We sank everything we had into this place because we thought we're going to live here forever.Karen Meisner
Erica Heilman: What are the other factors in the last year, what are the other things that you've been thinking about this year as you've been trying to figure out what to do?
Pär Winzell: Well, one of the things that happened is that over the course of the winter and spring, immigration policy in the U.S. changed pretty dramatically and in sort of chaotic ways, where, for me, personally, leaving the country right now feels fraught, because I would have to come back.
I have a green card. I've lived here for 30 years. You know, I'm a resident in good standing. But I, you know, when I was 19, I had a small altercation in Sweden.
Karen Meisner: "Altercation" makes it sound like a fight. When he was a teenager, he used his local university's internet, because that was the only internet available in the '80s, and he used it to get to a bulletin board where he could talk to people and just have conversations. And he loved doing that, but it rang up a big phone bill for the university, which does not matter in Sweden. He paid them back, and then the next year, he went to that university. So nobody in Sweden cares, but it counts as fraud and counts as a felony in the United States.
It doesn't matter that his crime was adorable. It counts as a felony. So now, if he leaves the country and tries to come back in, and somebody says, "Well, you're a felon with a green card." His ability to enter the country and not be detained and thrown into, you know, a Gulag somewhere, is seriously in doubt.
Pär Winzell: So I'm staying put for now, because I don't want to risk that. I have an 80-year-old mother who's probably going to break a hip one day, and I want to be able to go back for that. For now, I mean, this is, this is my home.
Karen Meisner: We also have a child. And our child is an autistic, transgender, wonderful, wonderful person who can't really live on their own. And we're worried about them. We're worried about the world that is waiting for them, because it's becoming very hostile to queer people. And we want our kid to feel like they can walk freely in the world without the people in charge of things telling them that they don't exist.
Pär Winzell: All of us qualify for a Swedish citizenship down the line, and we'll get those processes started. But we don't want to go.
Why? Why not go? I love this country. You meet thrilling people of every possible variation, everywhere you go.
I don't want to lose diversity. I want more diversity, I want to run into people from a million countries with brilliant ideas who come here specifically because the U.S. is a place where amazing things happen, and has for hundreds of years.

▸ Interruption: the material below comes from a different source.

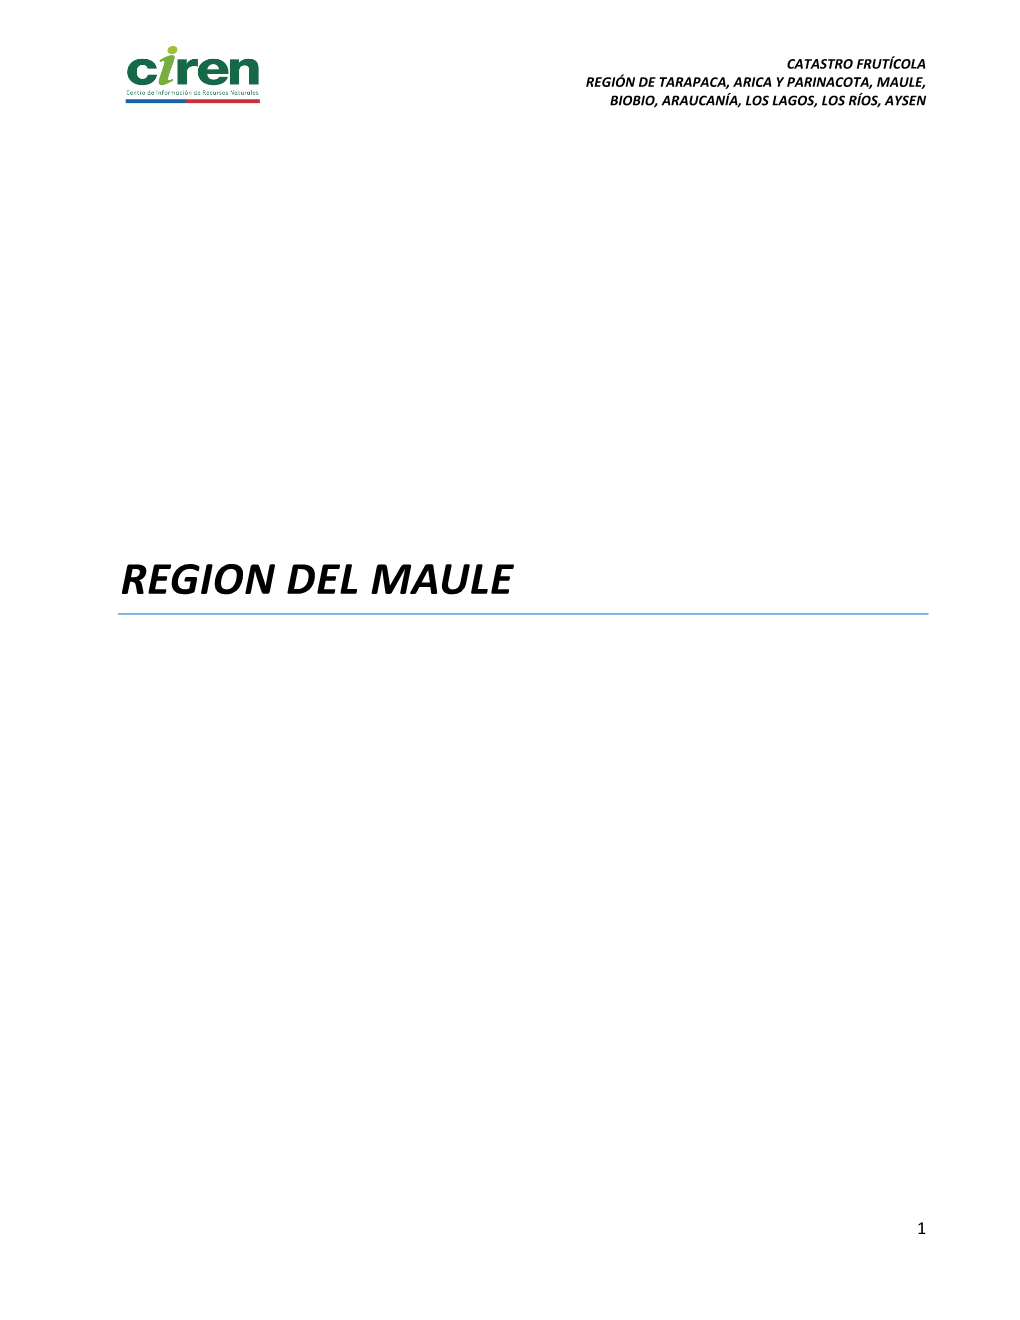 Region Del Maule
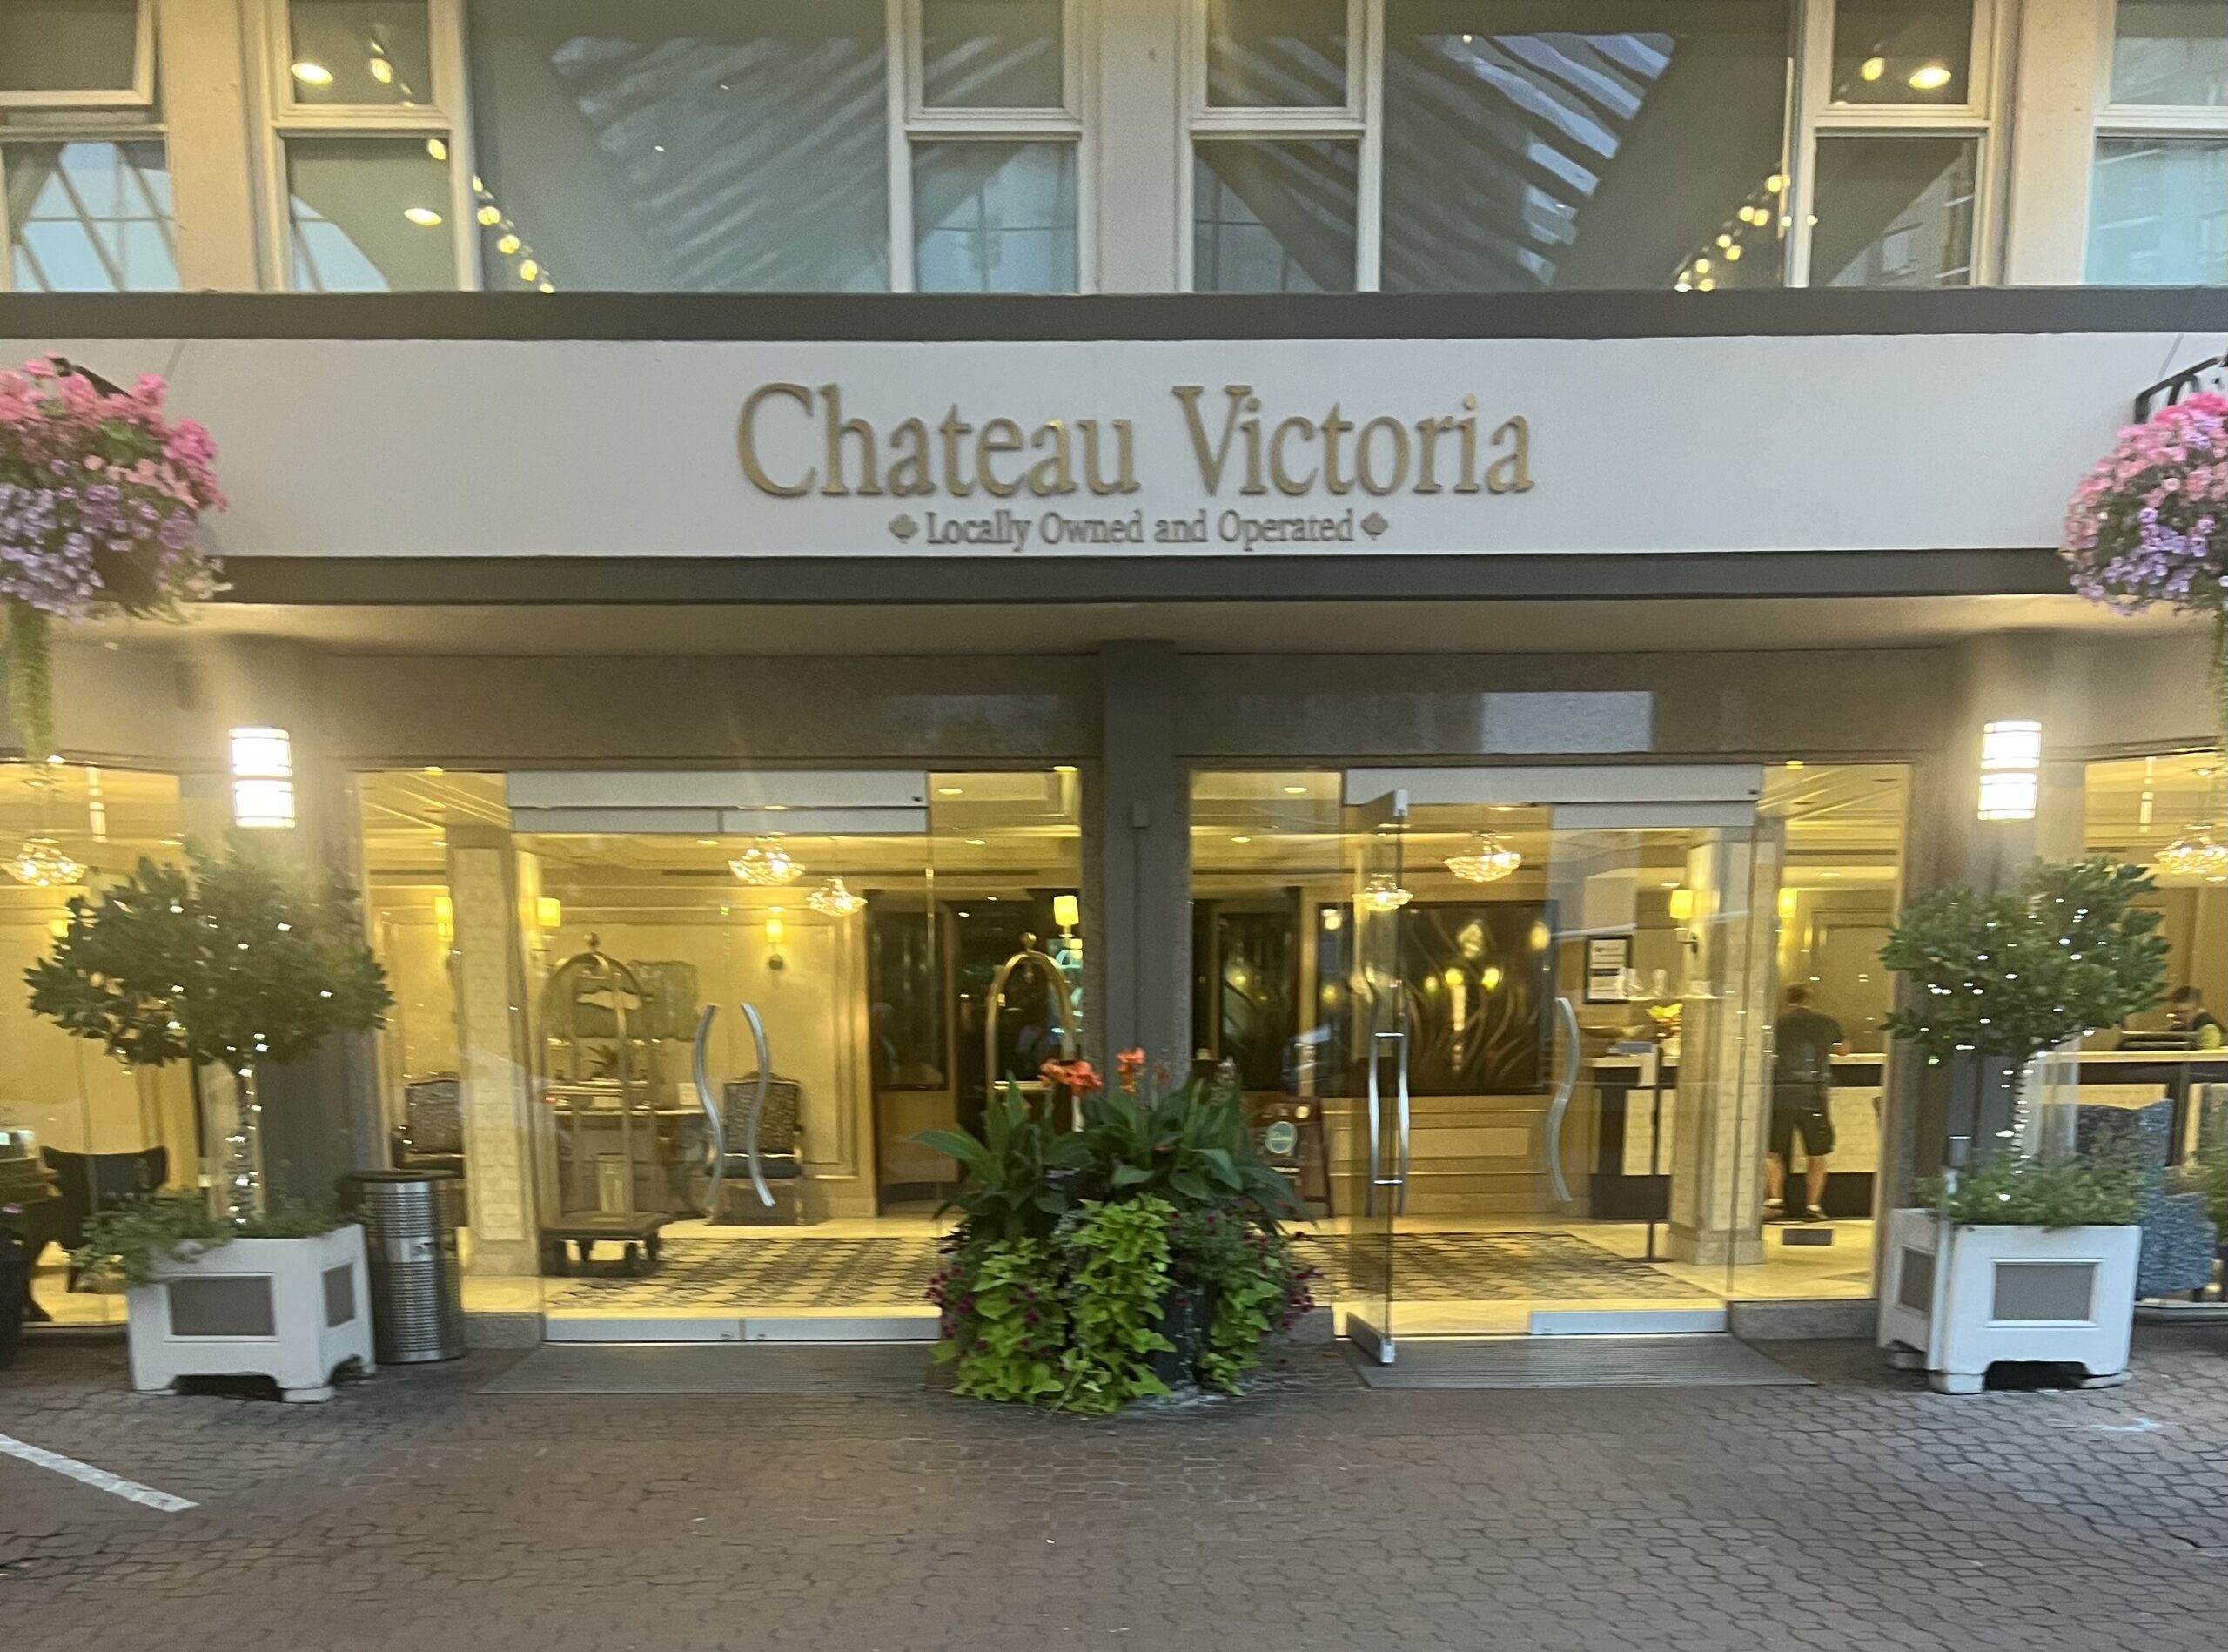 Our hotel in Victoria, B.C. Chateau Victoria

There's a reason why people immigrate here beyond there's no other recourse or beyond the paycheck. People come here because there's something that is difficult to define, but they know it and they want it and they didn't have it back home. It is, ah, man ... hopeful.
Erica Heilman: Will you be here in a year?
Karen Meisner: We don't know. Will FEMA and Vermont buy our house or are we going to go bankrupt? Will the government tell immigrants that people with Pär's history can't enter the country? Will the situation become untenable for kids like ours who are autistic, kids like ours who are transgender?
We sank everything we had into this place because we thought we're going to live here forever. We had big dreams for it, but the river had other plans.